4.10 If the Customer fails to make a payment due to the Supplier under the Conditions by the due date, then, without limiting the Supplier's remedies under clause 11, the Customer shall pay interest on the overdue sum from the due date until payment of the overdue sum, whether before or after judgment. Interest under this clause 4.10 will accrue each day at four percent (4%) a year above the Bank of England's base rate from time to time. The Customer shall pay the interest together with the overdue amount.

4.11 All amounts due under the Conditions shall be paid in full without any set-off, counterclaim, deduction or withholding (other than any deduction or withholding of tax as required by law).

4.12 Where the Supplier has agreed to supply the Goods on credit, the Customer shall pay the price of the Goods within the stated timeframe of the date of the Supplier's invoice notwithstanding that title to the Goods has not passed to the Customer. The Supplier shall be entitled at its absolute discretion to alter payment terms (other than on concluded Orders) and withdraw or alter any credit limit granted at any time with notice. If the Customer exceeds its credit limit or fails to qualify for continued credit terms, the Supplier may, at its sole discretion, delay subsequent shipments or require prepayment until the Supplier determines that the Customer is once again qualified to receive credit terms.
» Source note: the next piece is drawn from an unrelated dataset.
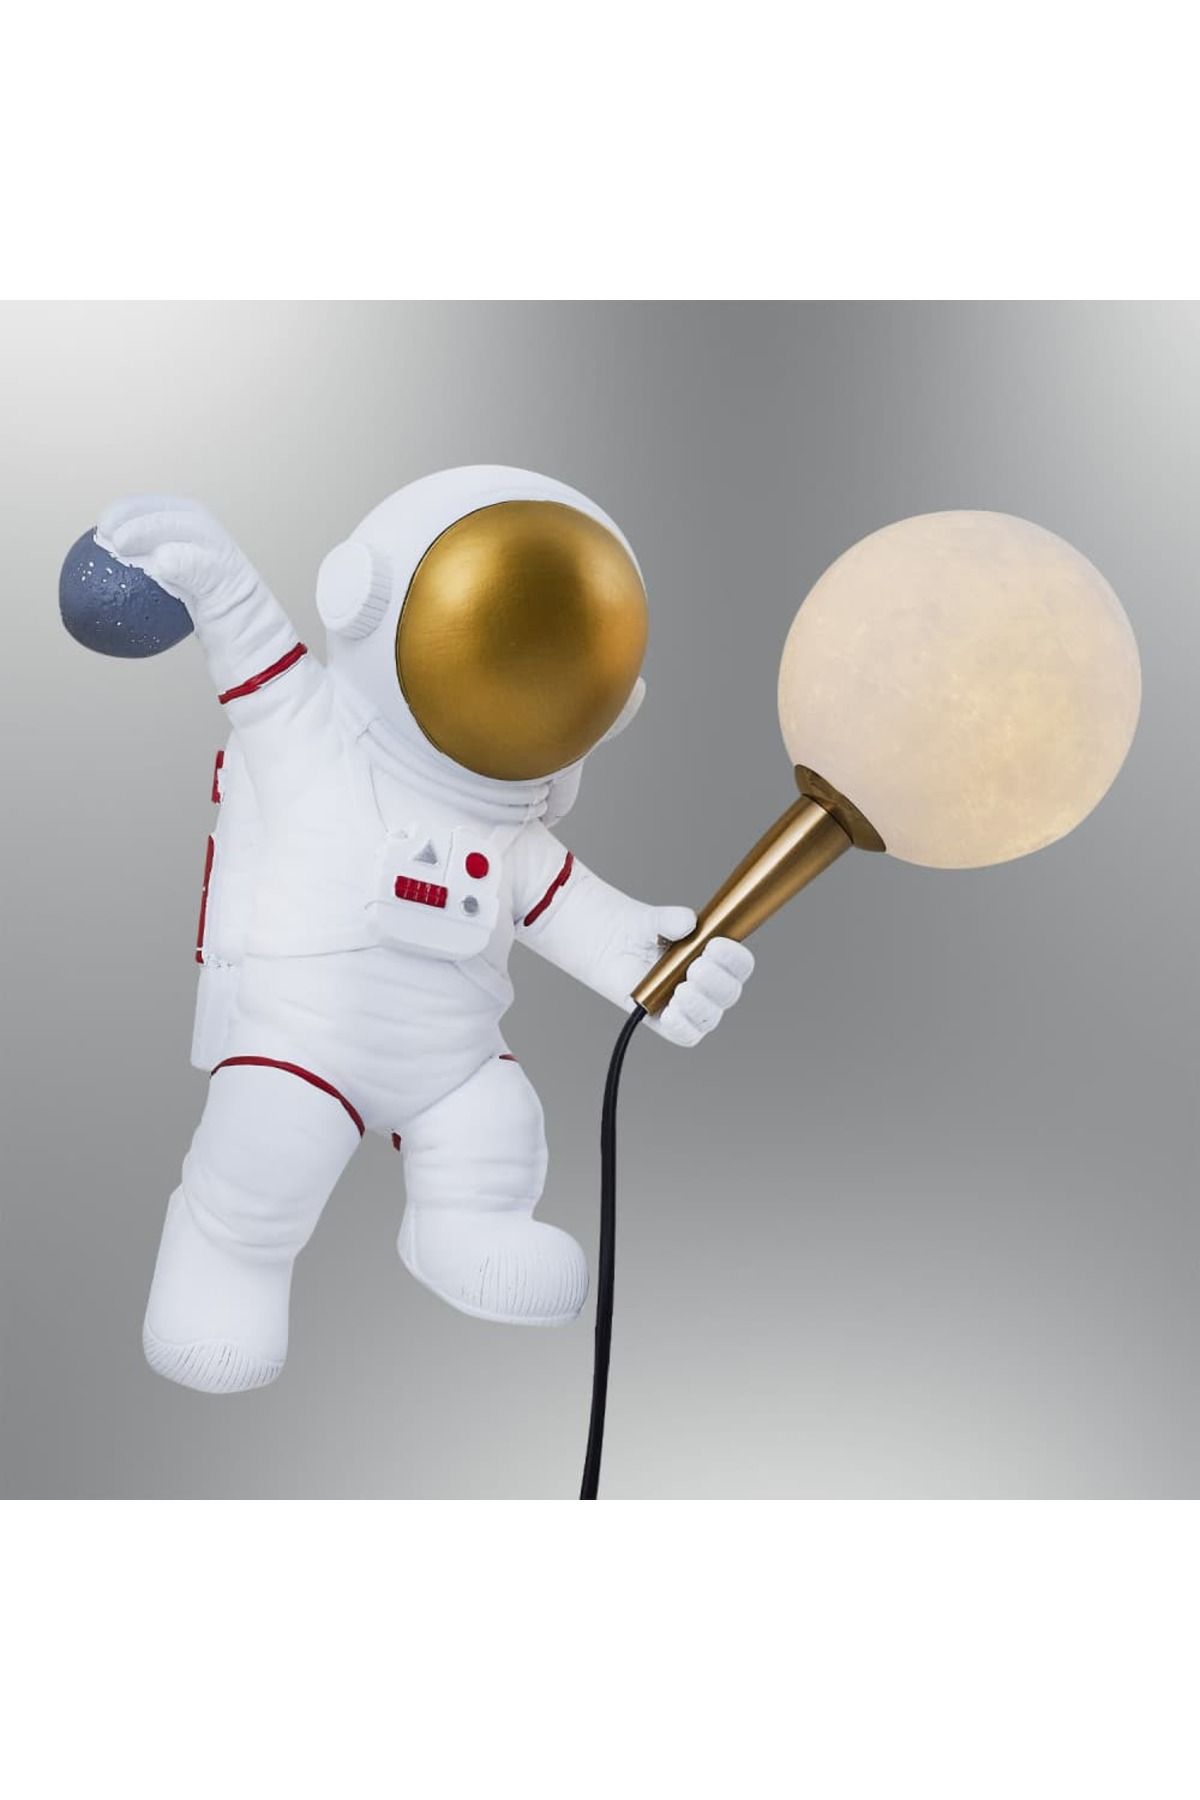 Özcan Aydınlatma 2050-3 Astronot Aplik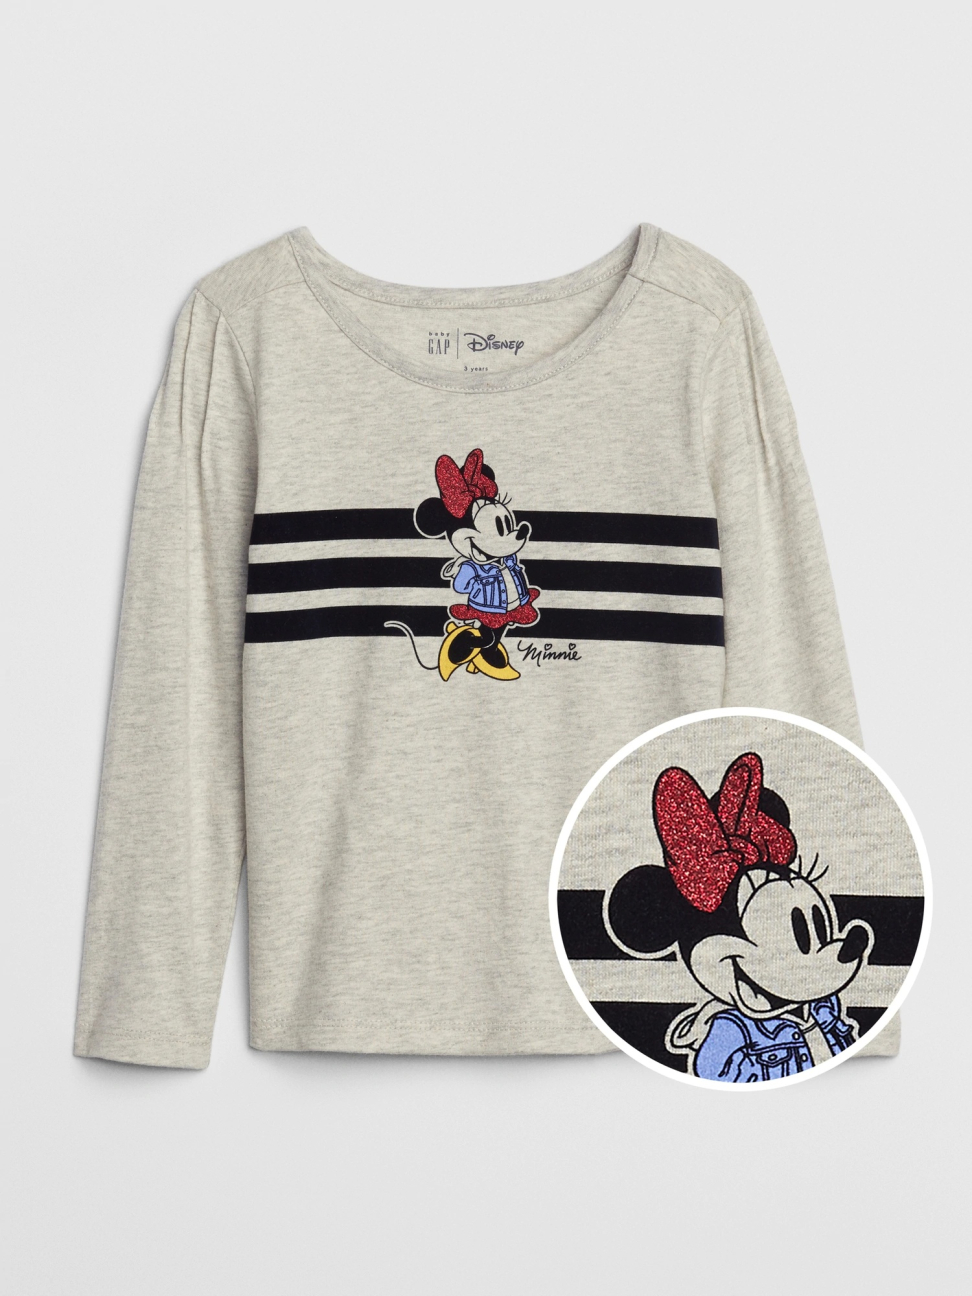 女幼童裝|Gap x Disney迪士尼聯名 米妮印花圓領長袖T恤-石楠灰色

4.13 The Customer shall provide the Supplier's Credit Department with copies any financial information which may assist with providing a credit facility. The Customer shall inform the Supplier promptly if there is a change of ownership or control of the Customer or its direct or indirect parent company (excluding changes of ownership of the shares of a publicly quoted company which do not result in a change in control of the company's board of directors or other governing board), a management buy-out, or all or a substantial part of the Customer's assets are sold or otherwise transferred to any non-affiliated company or member of the Customer's group of companies.

4.14 In the event Customer intends to sell, assign, factor or otherwise transfer any book debt owed to Customer or to enter into any form of invoice discounting arrangement, the Customer agrees to inform the Supplier in writing prior to entering into any such arrangements.

4.15 If the Supplier issues a credit note and the Customer does not utilise the credit note within a period of twelve (12) months from the date of its issue, the Supplier shall have the right to cancel the credit note and the Customer shall not be entitled to a replacement or any payment in respect of the same.

4.16 Any credit balance shown on a Customer's statement of account issued by the Supplier which remains on the statement for a period of twelve (12) months will be forfeited by the Customer who shall no longer have any rights to the same.

5. Delivery

5.1 The Supplier shall endeavour to deliver Goods to the agreed delivery location (“the Delivery Location”) on the agreed delivery date.

5.2 Where the Supplier has agreed to ship Goods direct to the Customer's customer, any such shipment or performance shall be deemed to be delivery to the Customer and any refusal by the Customer's customer to accept delivery or performance shall be deemed to be a refusal by the Customer. It shall be the Customer's obligation to report any delivery discrepancies to the Supplier. The Customer shall bear all costs associated with the unjustified refusal of Goods. If the refusal is made on the grounds that the order was wrongly placed (i.e. wrong Goods, wrong pricing, etc.) and the refusal is accepted by the Supplier, the Supplier reserves its right to charge accordingly additional fees for return transportation and administrative expenses related thereto, and original carriage costs will not be reimbursed.

5.3 Any dates quoted for delivery are approximate only, and the time of delivery is not of the essence.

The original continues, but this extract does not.